• [DATASET RECORDS]

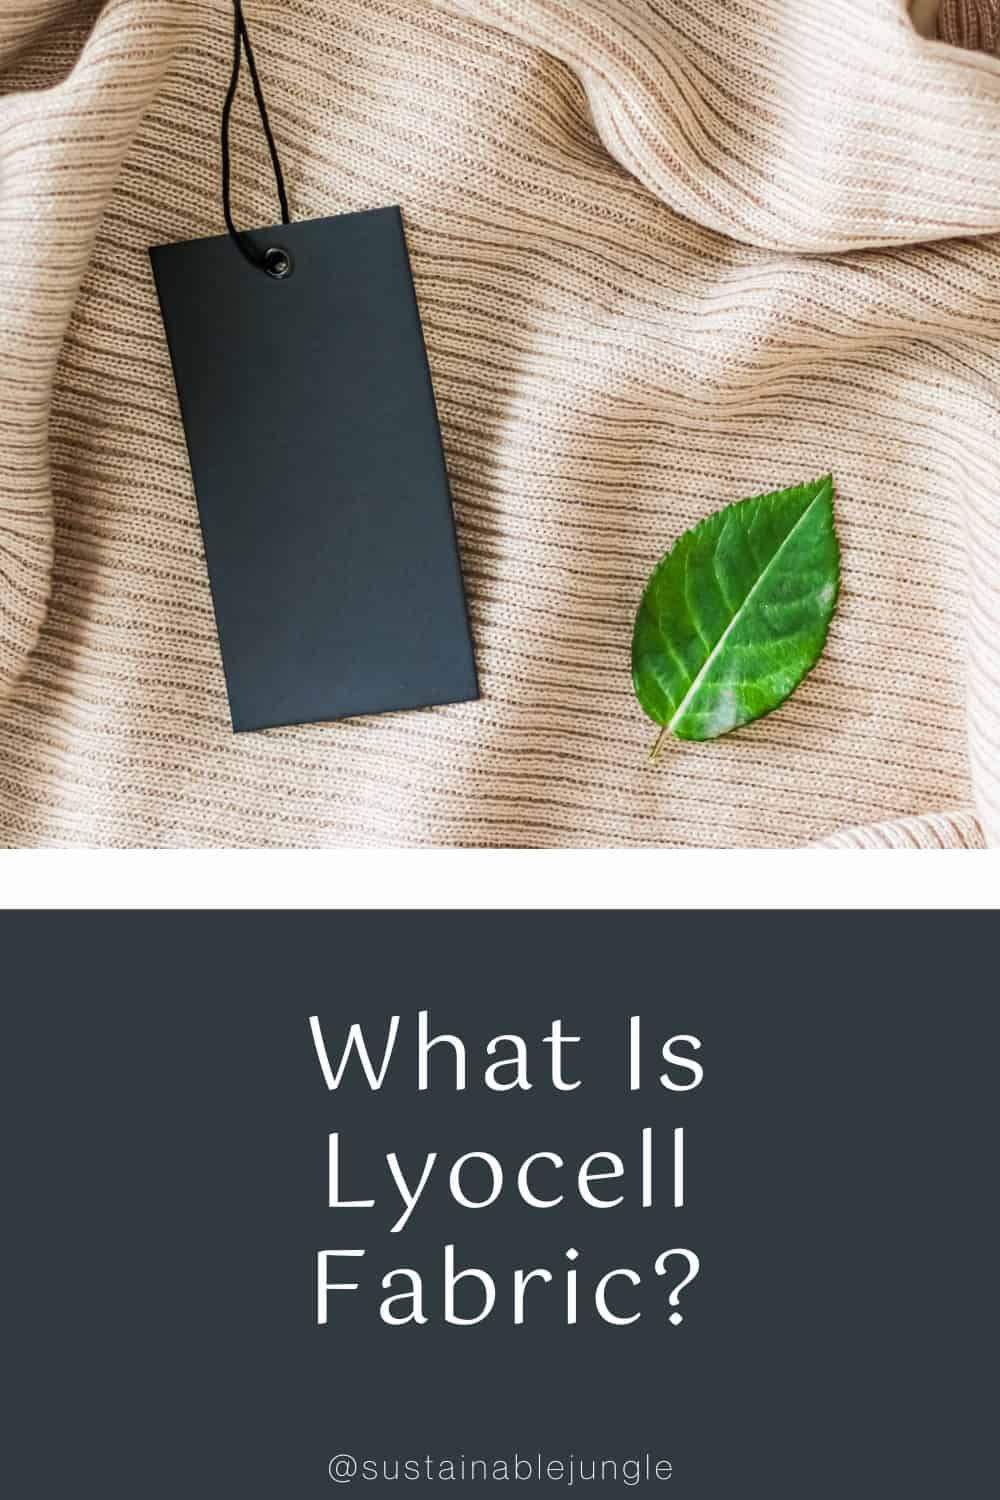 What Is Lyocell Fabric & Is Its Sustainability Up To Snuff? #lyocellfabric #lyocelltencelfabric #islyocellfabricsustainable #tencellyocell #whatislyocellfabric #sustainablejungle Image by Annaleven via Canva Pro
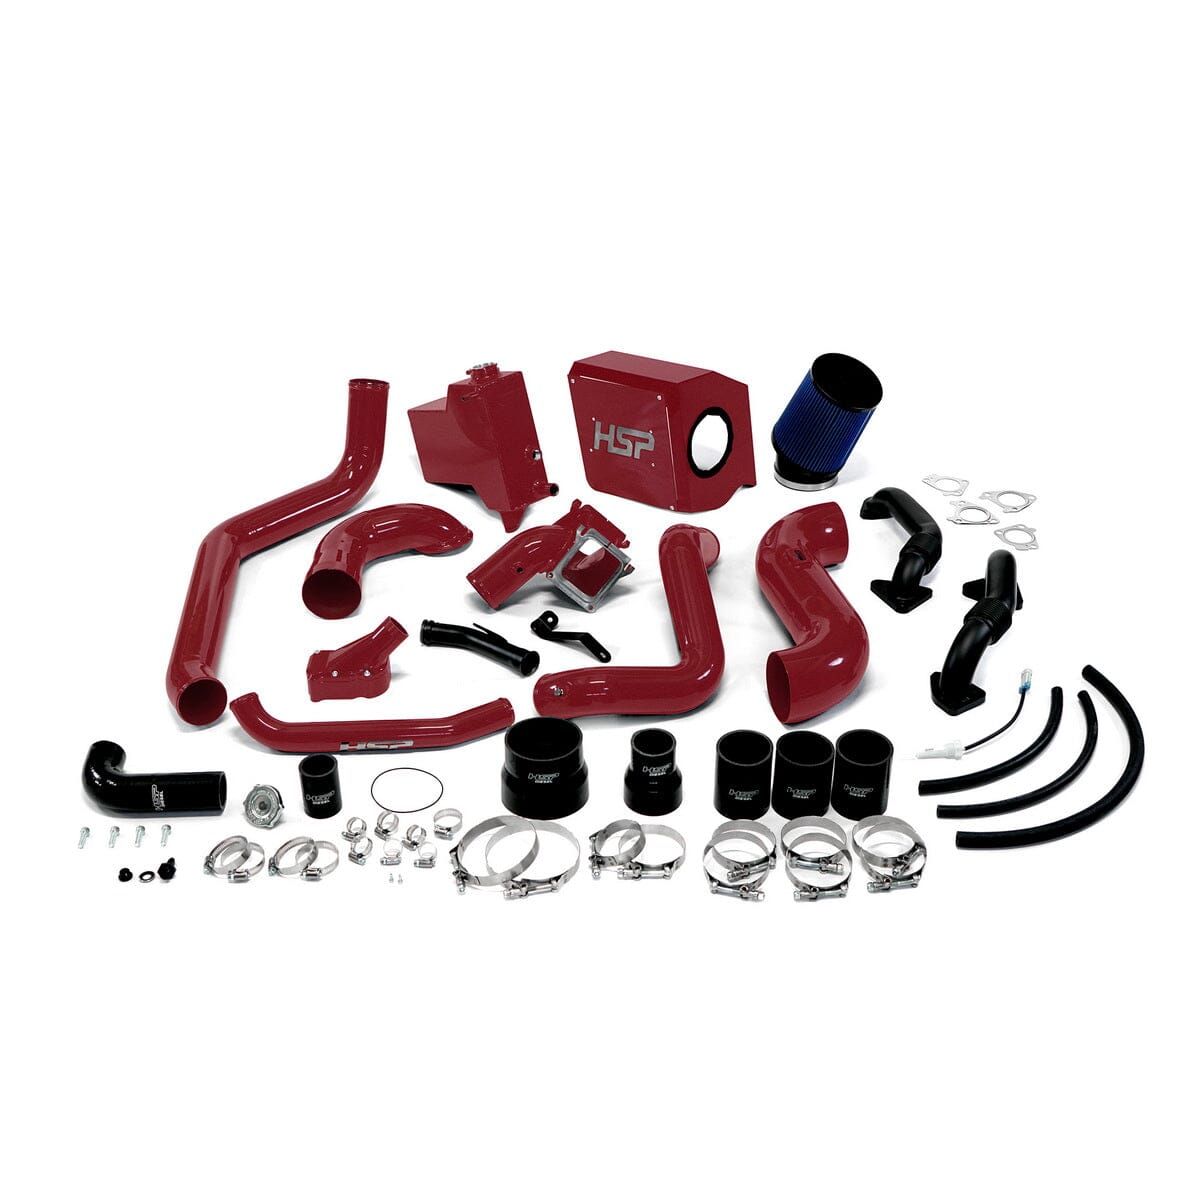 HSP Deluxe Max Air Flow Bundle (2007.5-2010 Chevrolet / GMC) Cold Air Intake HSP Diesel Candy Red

==

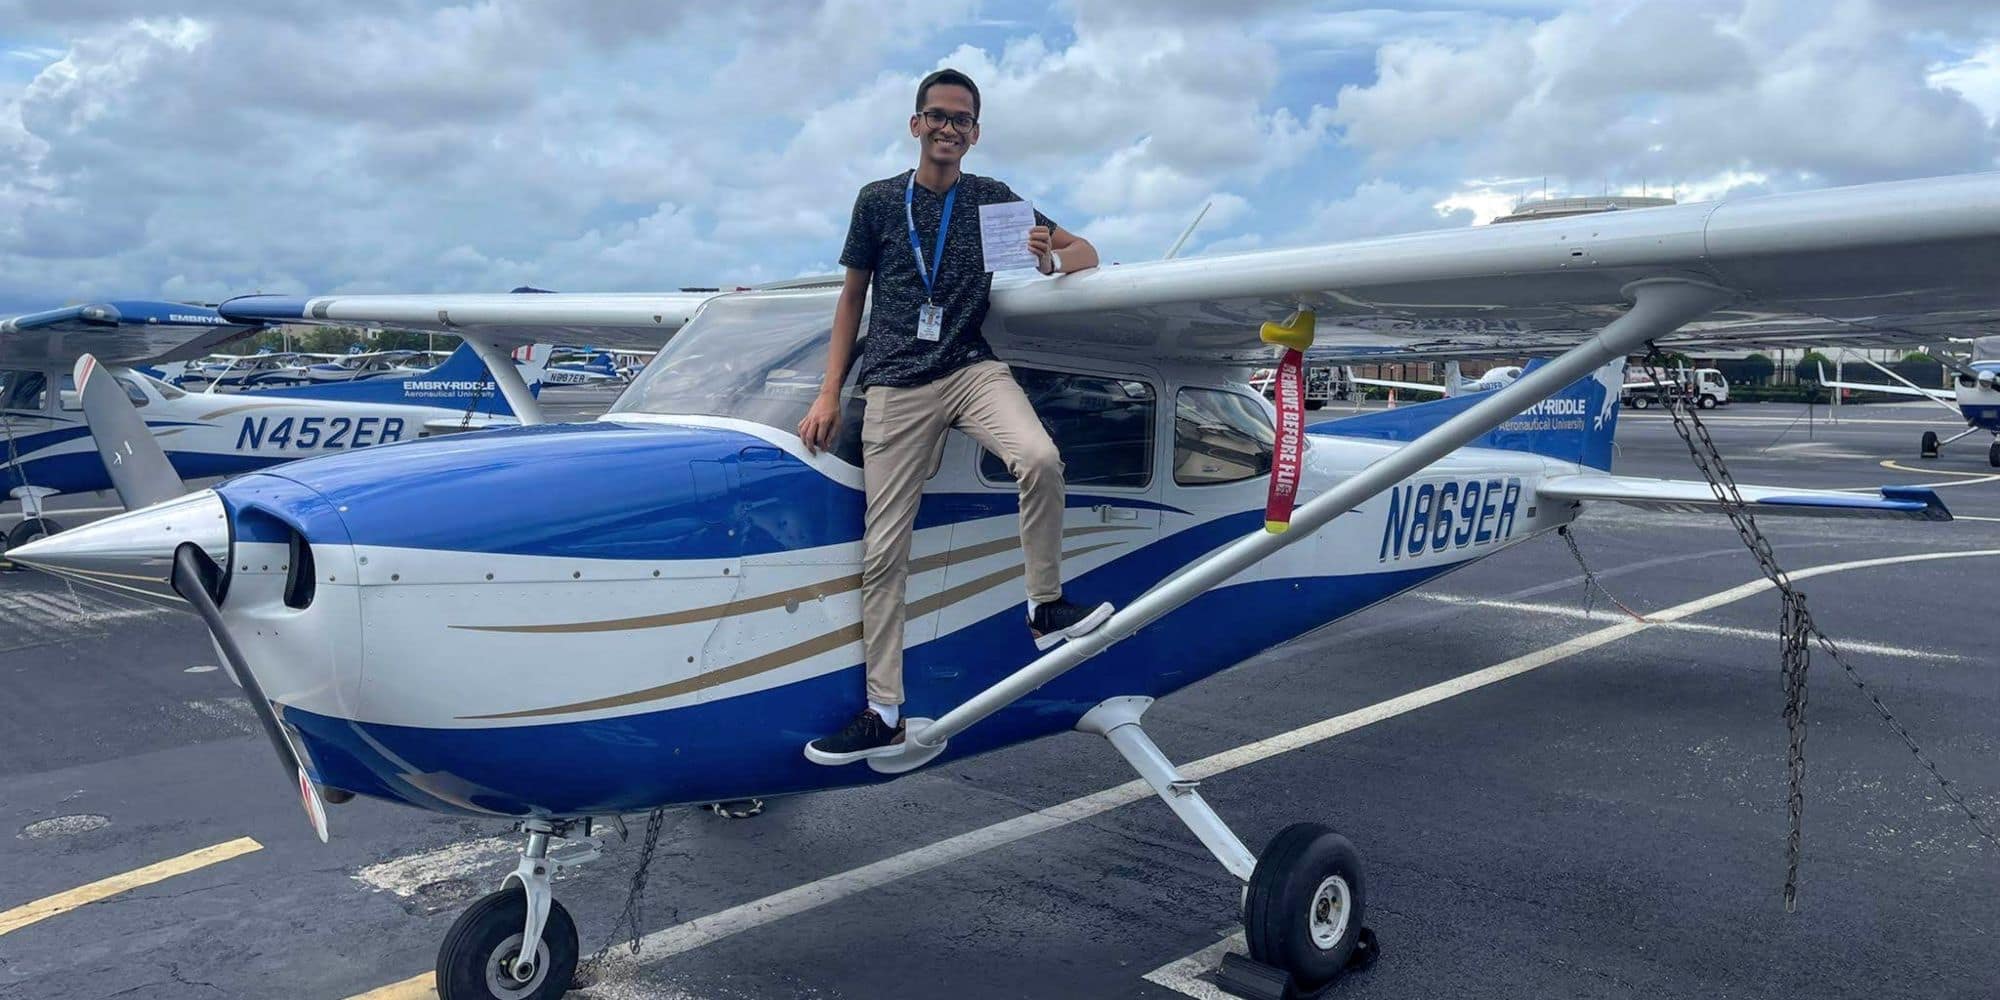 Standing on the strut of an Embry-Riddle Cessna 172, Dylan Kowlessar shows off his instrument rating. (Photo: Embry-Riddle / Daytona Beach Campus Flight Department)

==

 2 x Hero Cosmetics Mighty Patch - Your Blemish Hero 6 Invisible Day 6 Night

• [WORK TO COMPLETE]
In the material above, the stretch from the line with "What Is Lyocell" through the line with "HSP Deluxe Max" is to be given again exactly, minus the pictures.

• [OUTPUT BELOW]
 What Is Lyocell Fabric & Is Its Sustainability Up To Snuff? #lyocellfabric #lyocelltencelfabric #islyocellfabricsustainable #tencellyocell #whatislyocellfabric #sustainablejungle Image by Annaleven via Canva Pro
 HSP Deluxe Max Air Flow Bundle (2007.5-2010 Chevrolet / GMC) Cold Air Intake HSP Diesel Candy Red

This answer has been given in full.